I assume we sill soon hear about how dirty and smelly the student protestors are at the various universities; that's a technique that was used against the Occupy Wall Street protestors (2011) before the movement was crushed by the ruling-class tool Obama's Justice Department.
Already, as you noted, the cops are being cheered by many. It brings back memories of the aftermath of Kent State. I was about to graduate from high school when those kids were killed.
But I recall in the months that followed when many adults who were interviewed said 'they deserved what they got'. I suppose that included two who were not involved in the protests: Sandra Lee Scheur was walking to class, as was William Knox Schroeder, a ROTC student. The other two victims who were in the protests were Allison Beth Krause and Jeffrey Glenn Miller. Being murdered for exercising free speech shows how far the owners were willing to go - also demonstrated 11 days later at Jackson State University.

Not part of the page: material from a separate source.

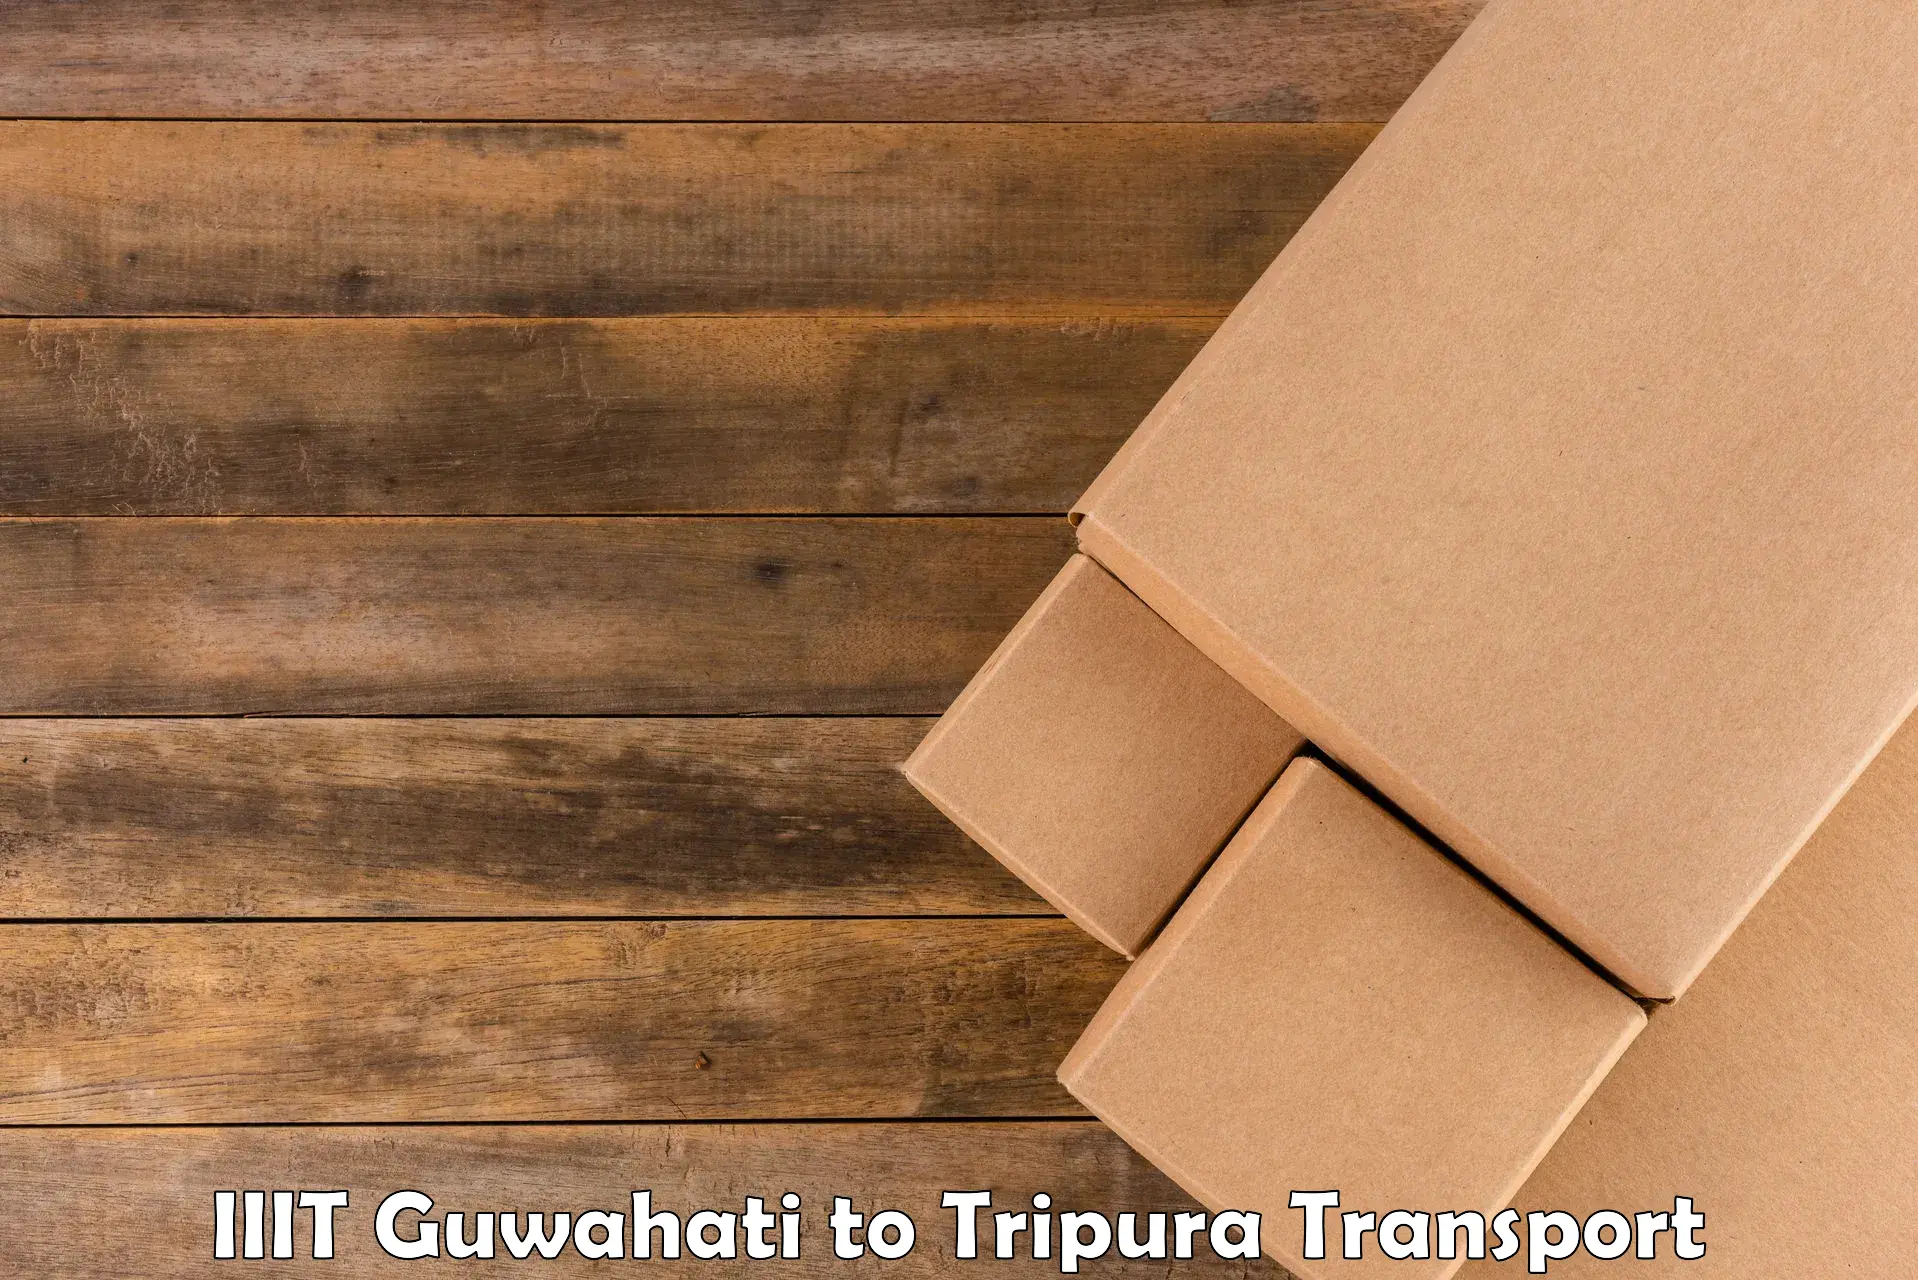 Bike transfer in IIIT Guwahati to Tripura
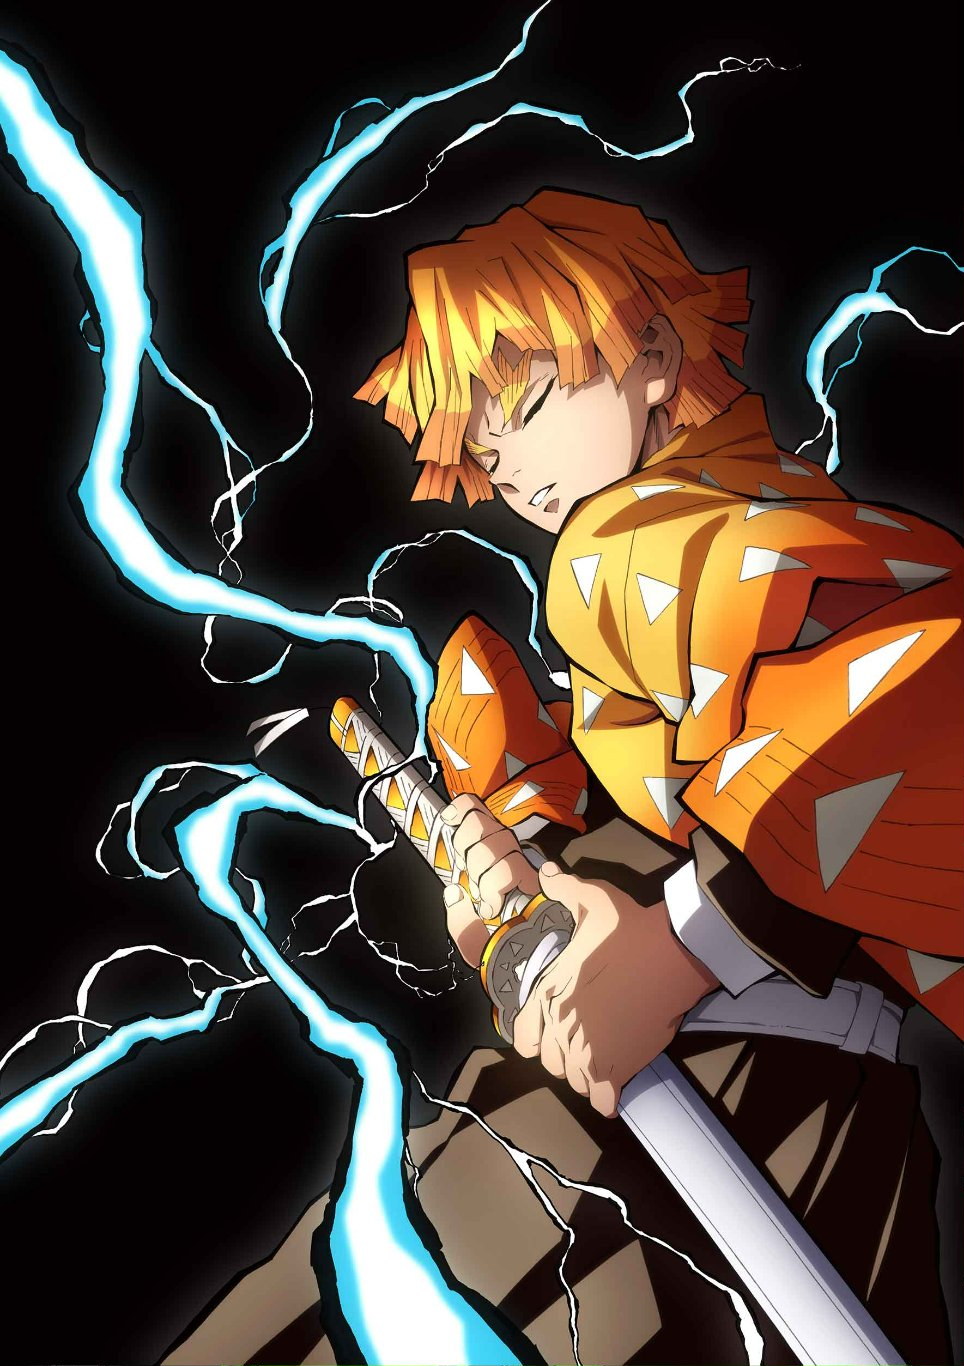 GRABB KAR  Anime Lightning Bolt Printed Designer Hard Phone Case Back  Cover for iPhone XR  Amazonin Electronics

This summer the two ruling-class political parties hold their conventions. It's chilling that the Democrats are holding theirs in Chicago, given the protests and police riot that occurred in 1968. The fascist Richard J Daily may be gone, and they may have a black mayor, but any protests provides an opportunity to clearly crush any protests and for the Biden regime to prove how tough they are.
I think we are all Palestinians now.
Wow--I scrolled through quite a few of the comments (until I thought my breakfast might come back up). The constitution is dead, and anyone that can cheer on this brutality can certainly not judge "authoritarianism" anywhere--present or past.